Bien sûr, ce n'est pas moi qui ai reçu le Prix Raymond-Devos de la langue française. Cette année-là, c'est Stéphane De Groodt qui a été distingué et honoré. Prendre la pose au pupitre, une façon de faire le pitre. En hommage à cet homme que j'admire depuis mes 15 ans.
...
(Paris. Radio France. France Culture. Déc. 2003.)
Devos : Je trouve qu'on se ressemble !
Moi : Pas seulement physiquement.
Lui : Qu'est-ce que vous voulez dire ?
Moi : On se ressemble aussi...
Lui : aussi quoi ?
Moi : aussi... vocalement.
Lui : Faites-le ! Pour voir !
Moi : Alors, j'lui dis (avec sa voix), JE VOUS IMITE !
Lui : Mais vous le faites bien !
Entre lui et moi, tout a commencé comme ça. On sortait du studio 134 où je l'avais interviewé pour l'émission du samedi midi, "Le livre de la rédaction". Pour la sortie de son dernier opus : "Les 40 èmes délirants". Au Cherche-Midi. Je m'étais dit : pour un homme qui passe pour être à l'Ouest, publier au Midi, logique, non ? Mais je n'avais pas osé la lui faire pendant l'enregistrement. Pas osé non plus le faire parler de ces années passées en Allemagne, comme STO, déporté du travail, là où le soir, dans le stalag, pour distraire ses camarades de chambrée, il avait commencé à improviser des petits sketches drôles et absurdes. Raymond Devos n'aimait pas qu'on lui parle de ce temps-là. Il ne voulait rien devoir aux Allemands.

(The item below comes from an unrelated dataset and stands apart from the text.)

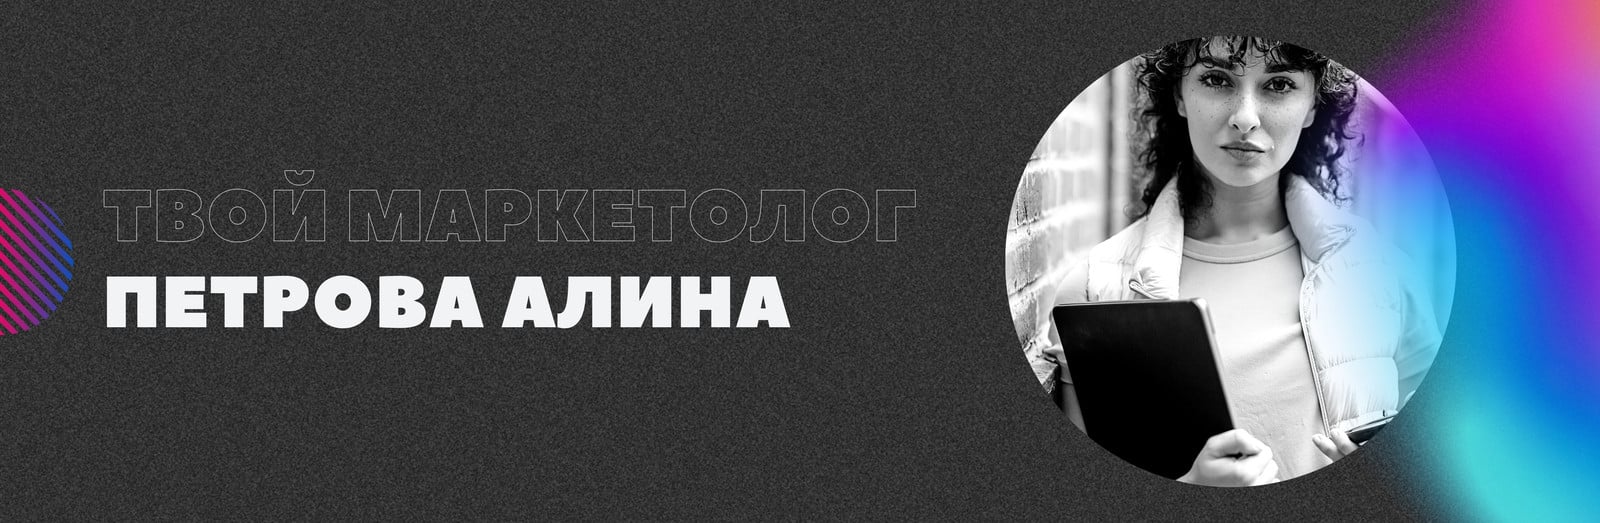 Оформление группы ВКонтакте: подробное руководство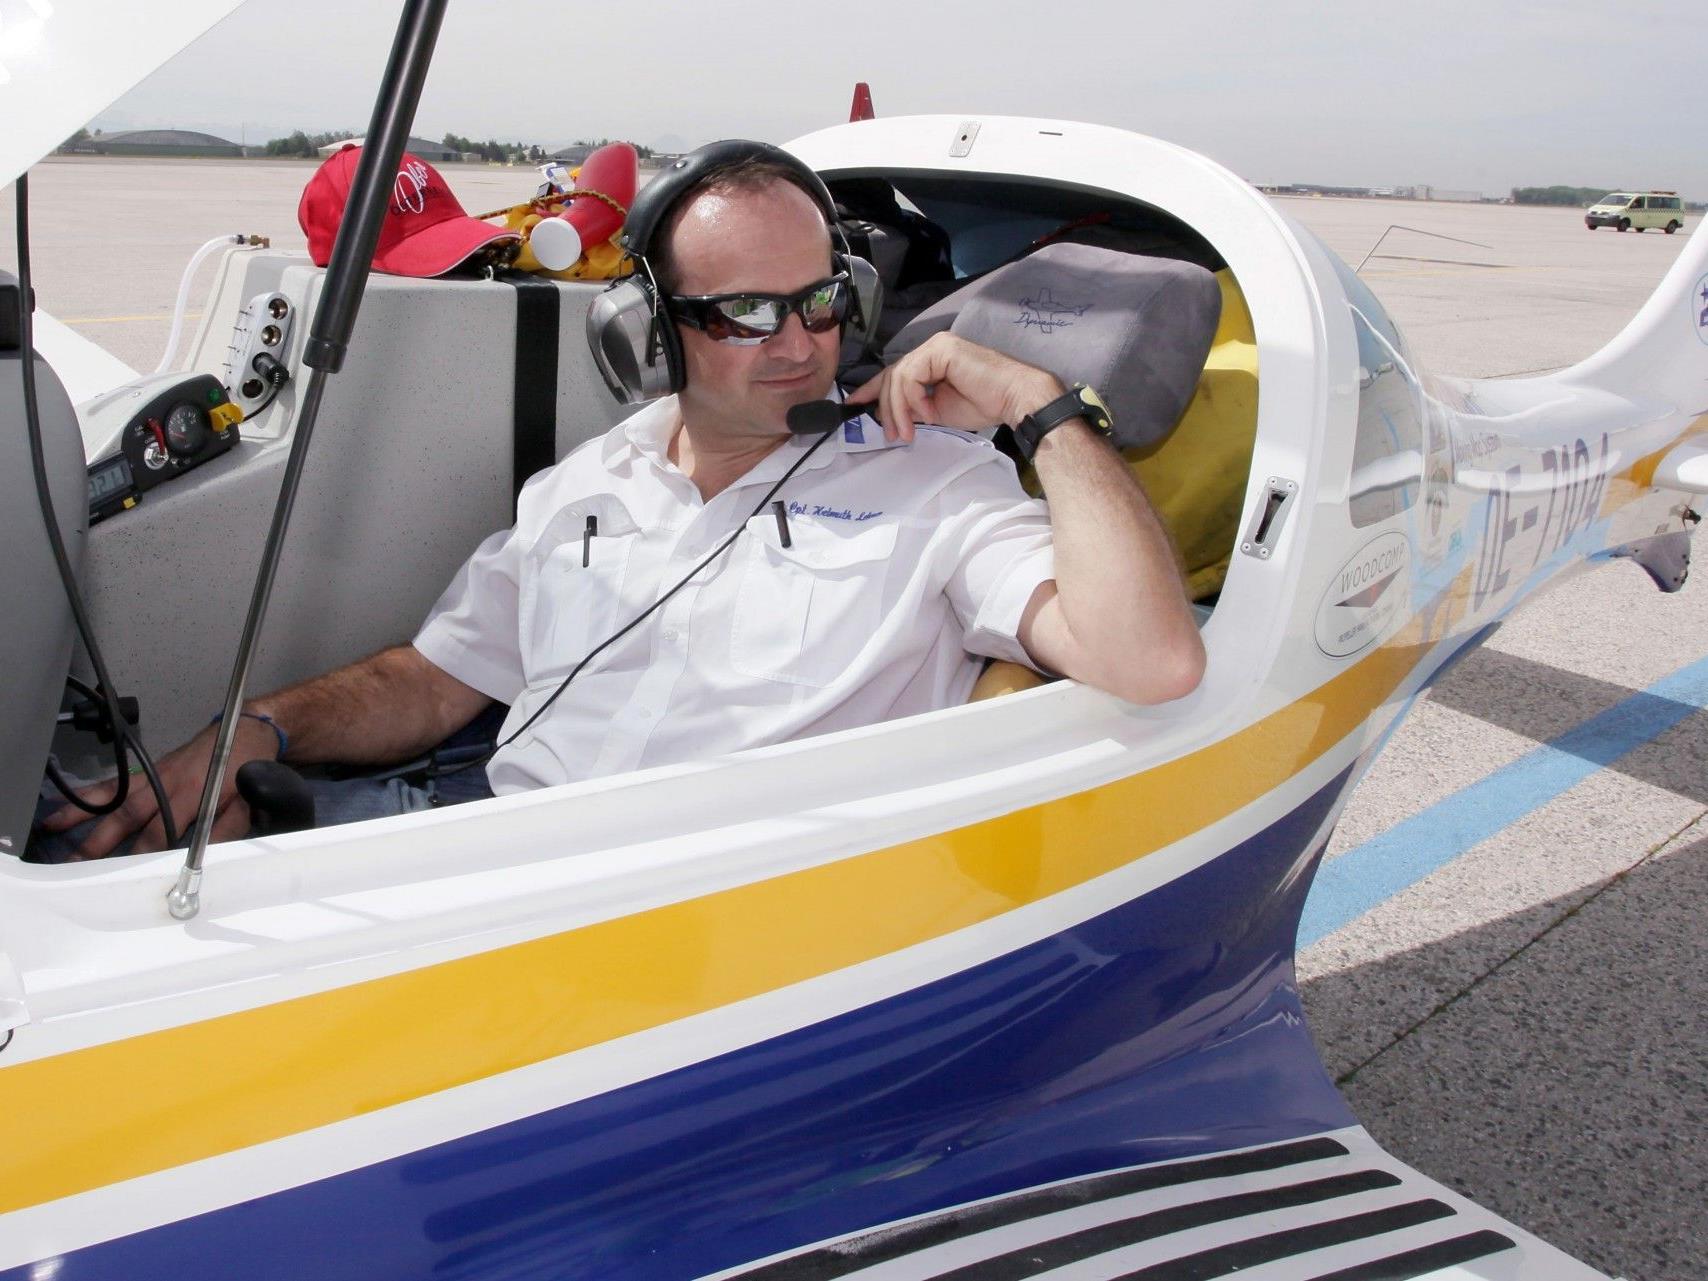 Der 44-jährige Freizeitpilot Helmuth Lehner aus Schörfling startete mit seinem einmotorigen Kleinflugzeug am 11. Mai 2012 zu einer Solo-Weltumrundung vom Linzer Blue Danube Airport in Hörsching. Am 11. August ist er wieder sicher in seiner Heimat gelandet.

Le raccompagnant jusqu'à l'ascenseur qui descend Porte B, Devos me prend le bras et me dit : je suis au Salon du Livre, samedi et dimanche, venez me voir, ça me fera plaisir.
Le samedi, chose promise, chose due, comme au Salon, j'y suis, pour signer, au stand du Castor Astral, mon petit roman "Verlaine avant-centre", vers midi, je pousse logiquement jusqu'au Cherche-Midi.
- Ah, vous êtes là !
Puis, s'adressant à la bonne centaine d'admirateurs de la queue qui serpente autour de la table où il dédicace à fond la caisse, Devos hurle : Le p'tit, là, il m'imite !
Raymond marque un temps d'arrêt. L'art du silence que maîtrise, à merveille, l'homme de scène. Puis, s'adressant à moi, sur un ton qui ne supporte aucune hésitation : Faites-le !
J'ai dû faire Devos, devant Devos, face à plus de cent admirateurs qui ont applaudi à tout rompre, en scandant "Devos/Devos" ! Un incroyable succès public. Un triomphe. Le seul de ma vie.
A ce moment précis, une petite vieille dame tout en noir, s'est faufilée dans la file, doublant des dizaines de personnes, pour venir jusqu'à ma hauteur et, d'une voix aiguë, me lancer :
- Vous êtes son fils ? Sans attendre ma réponse, la petite dame tout de noir vêtue, tellement fière de sa trouvaille, a enchaîné : Qu'est-ce que vous lui ressemblez !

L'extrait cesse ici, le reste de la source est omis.